- Theatrical release poster
- Japanese: 時をかける少女
- Directed by: Nobuhiko Obayashi
- Screenplay by: Wataru Kenmotsu
- Based on: The Girl Who Leapt Through Time by Yasutaka Tsutsui
- Produced by: Norihiko Yamada; Kyoko Obayashi;
- Starring: Tomoyo Harada; Ryōichi Takayanagi; Toshinori Omi; Toshie Negishi; Ittoku Kishibe; Yukari Tsuda; Akiko Kitamura; Wakaba Irie; Takako Irie; Ken Uehara;
- Cinematography: Yoshitaka Sakamoto
- Edited by: Nobuhiko Obayashi
- Music by: Masataka Matsutoya
- Production company: Kadokawa Production
- Distributed by: Toei
- Release date: July 16, 1983 (Japan);
- Running time: 104 minutes
- Country: Japan
- Language: Japanese
- Box office: ¥4.76 billion (Japan)

= The Girl Who Leapt Through Time (1983 film) =

The Girl Who Leapt Through Time (時をかける少女, Toki o Kakeru Shōjo) is a 1983 Japanese science-fiction film directed and edited by Nobuhiko Obayashi, written for the screen by Wataru Kenmotsu, and starring idol Tomoyo Harada in her first film.
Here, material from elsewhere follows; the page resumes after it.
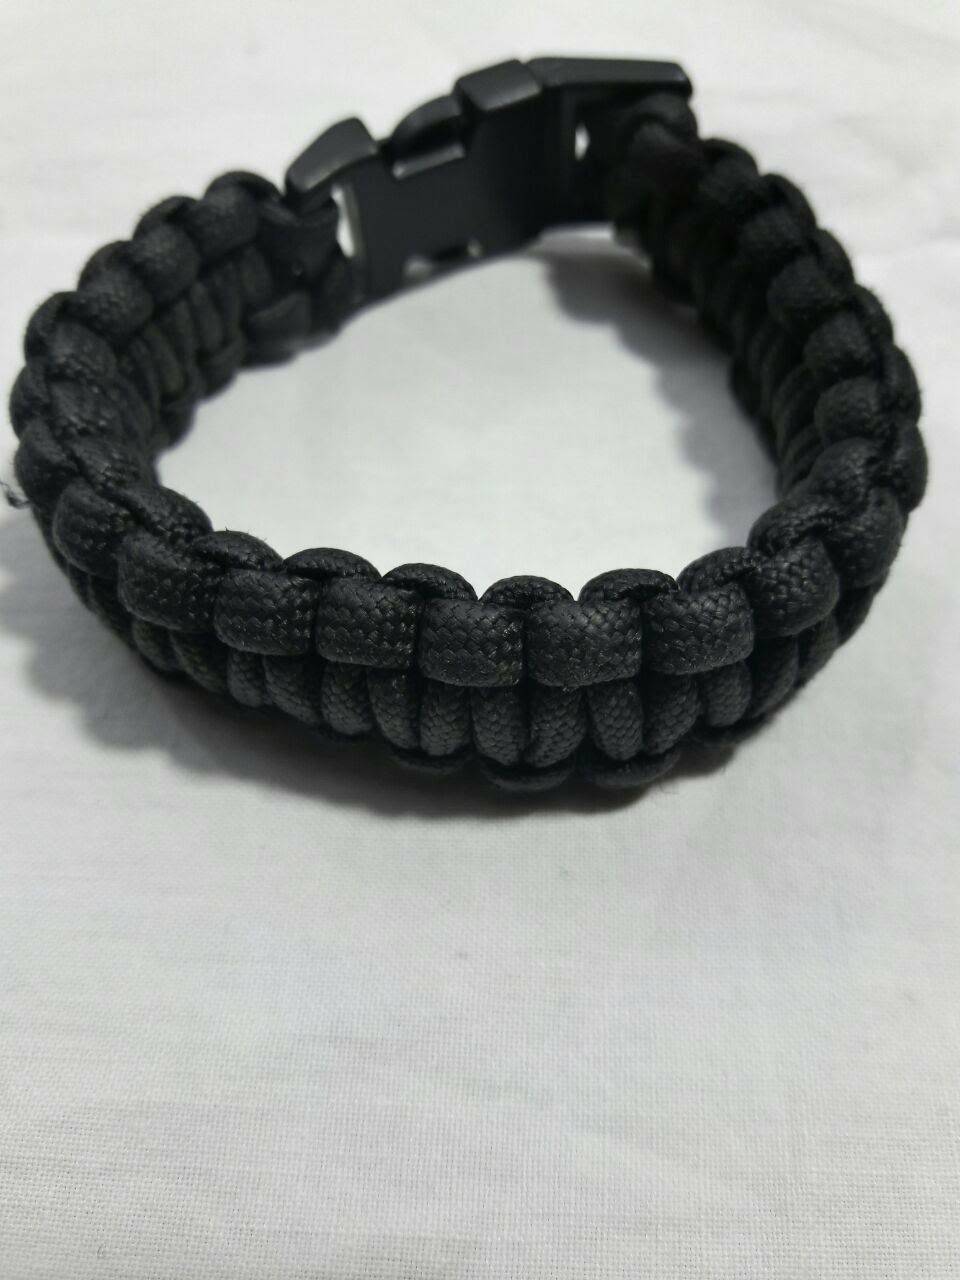 IceCove Paracord Creations | 321 Tara Ave, Cottage Hills, IL 62018 | Phone: (314) 643-6829

It is based on the 1967 Japanese novel of the same name and was released by Toei in Japan on July 16, 1983. It has since been released internationally on DVD with English subtitles under various titles, including The Little Girl Who Conquered Time, Girl of Time, and The Girl Who Cut Time, among others.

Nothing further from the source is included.